TASK GOAL: Write out again, word for word, the lines below from the line that holds "oriental weavers ariana 116r3 red" through the line that holds "ethiopian food toronto", omitting pictures.

Top of INPUT

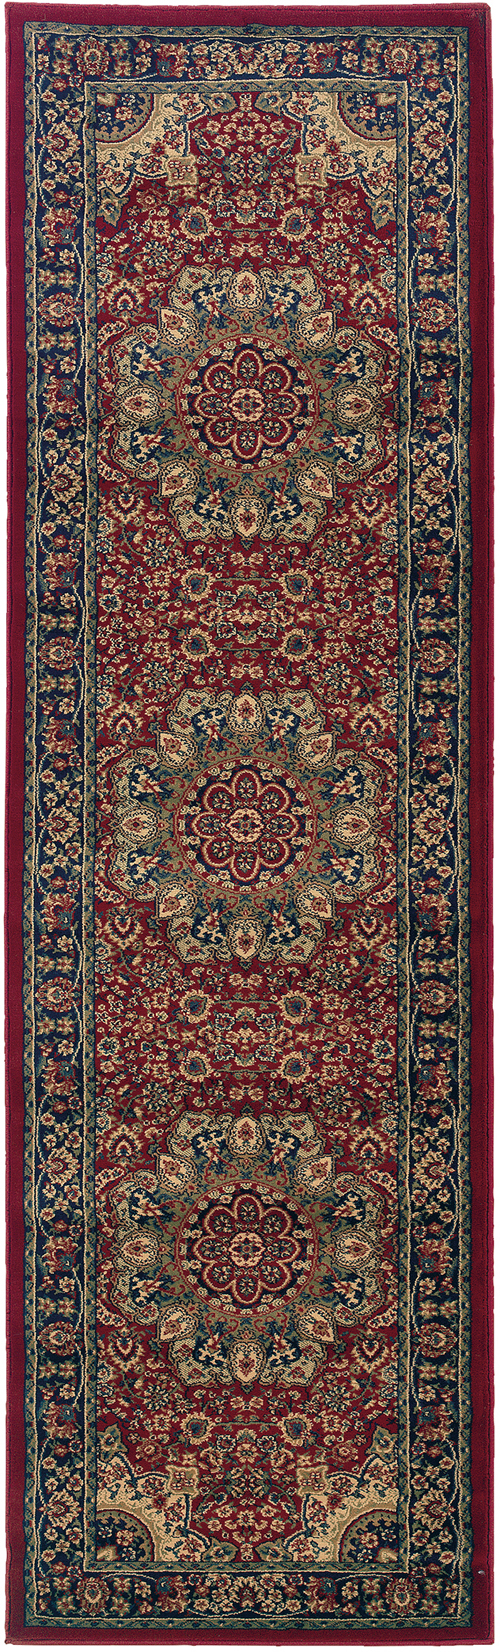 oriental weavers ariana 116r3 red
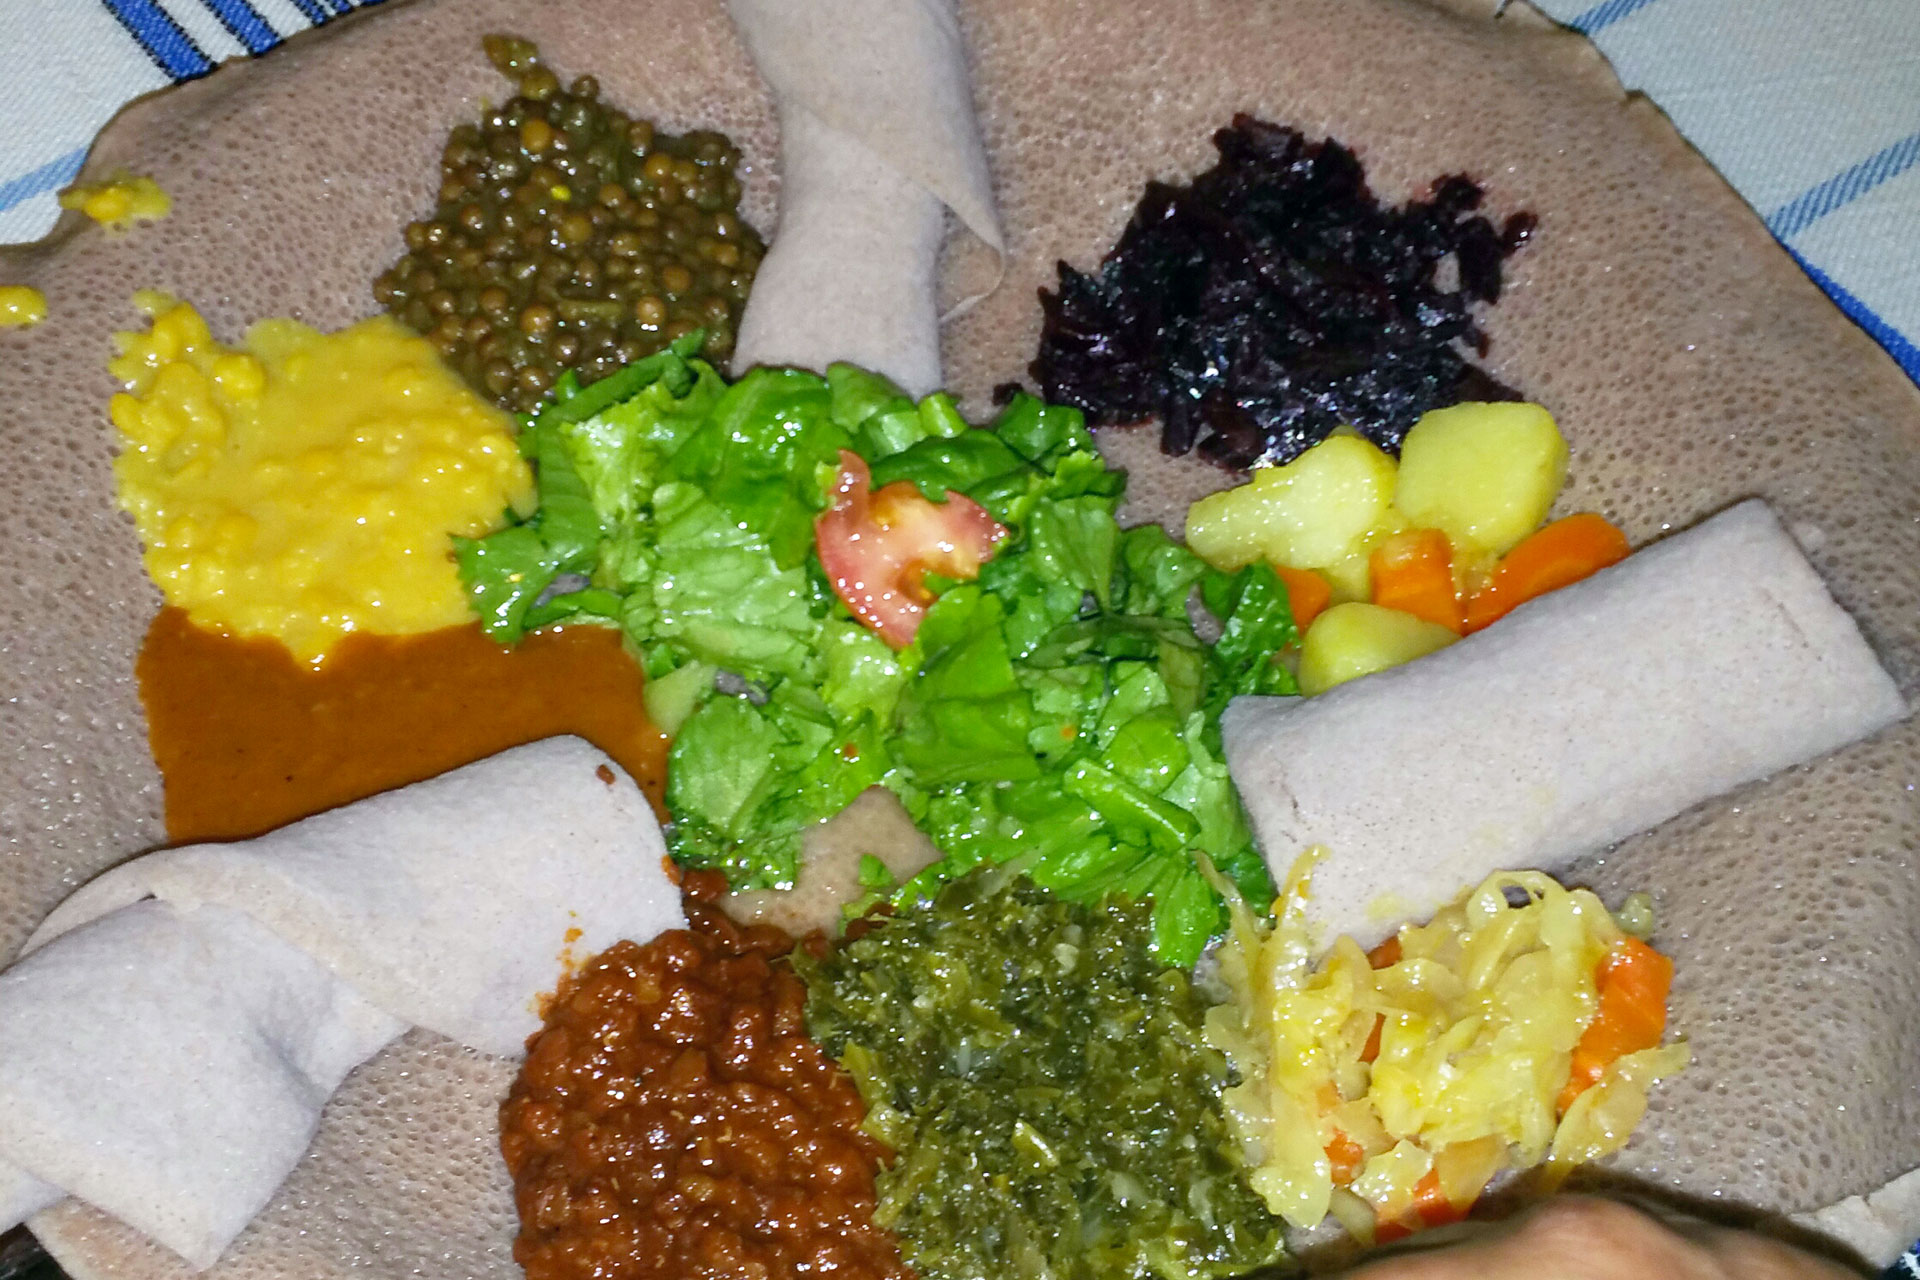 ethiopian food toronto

Bottom of INPUT
Top of INPUT

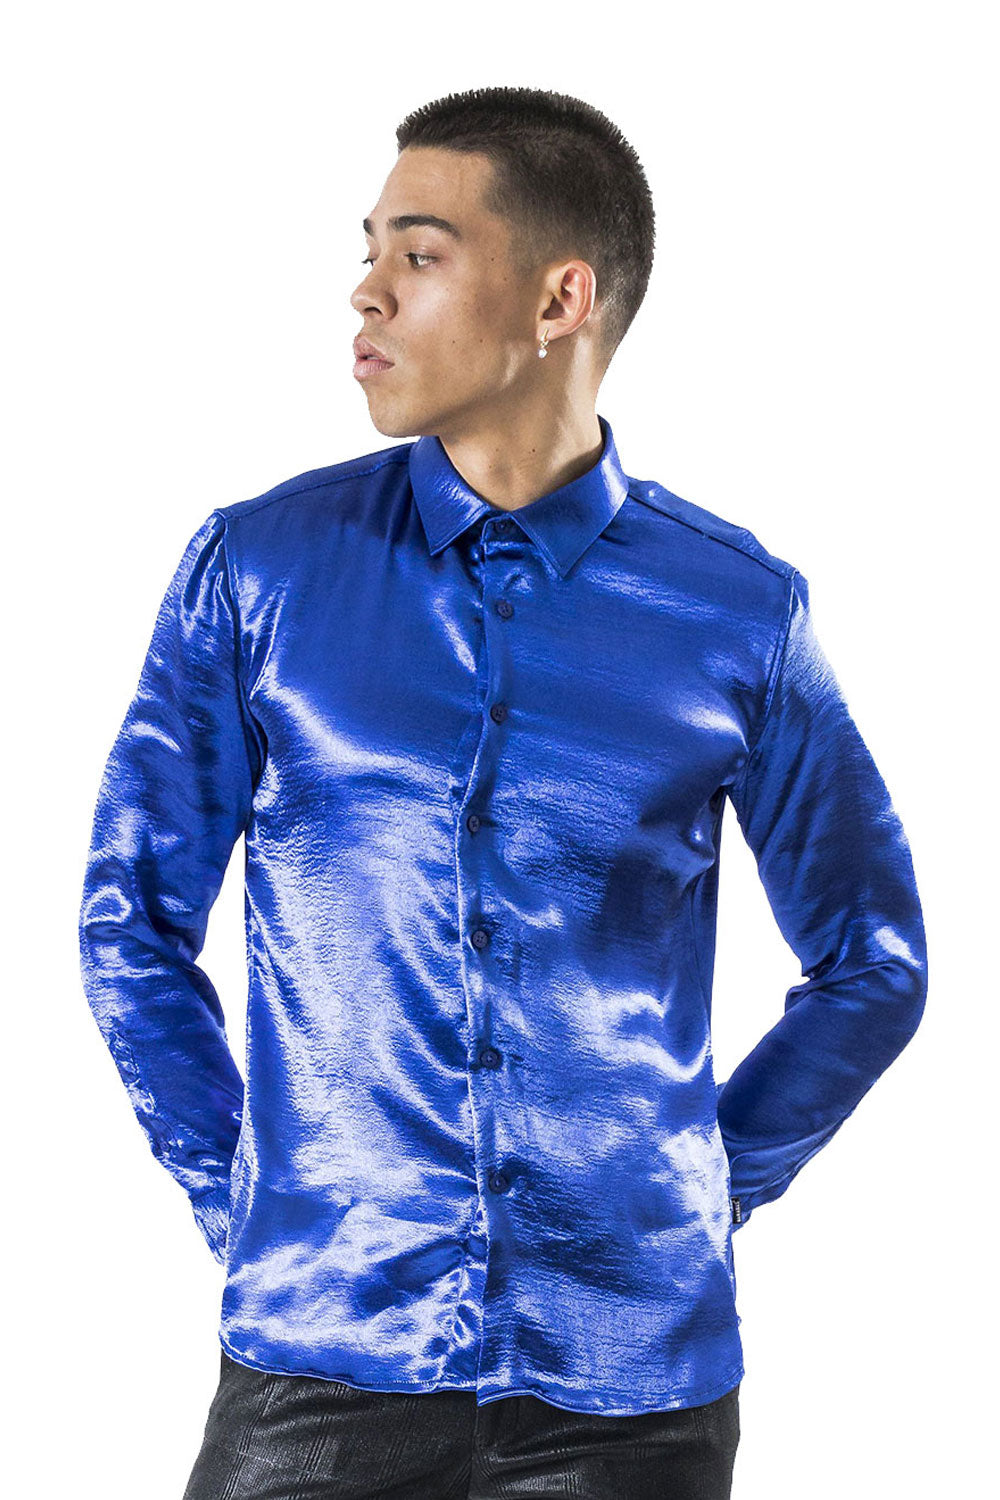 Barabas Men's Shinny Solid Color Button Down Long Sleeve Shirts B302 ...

Bottom of INPUT

ANSWER BELOW:
 oriental weavers ariana 116r3 red
 ethiopian food toronto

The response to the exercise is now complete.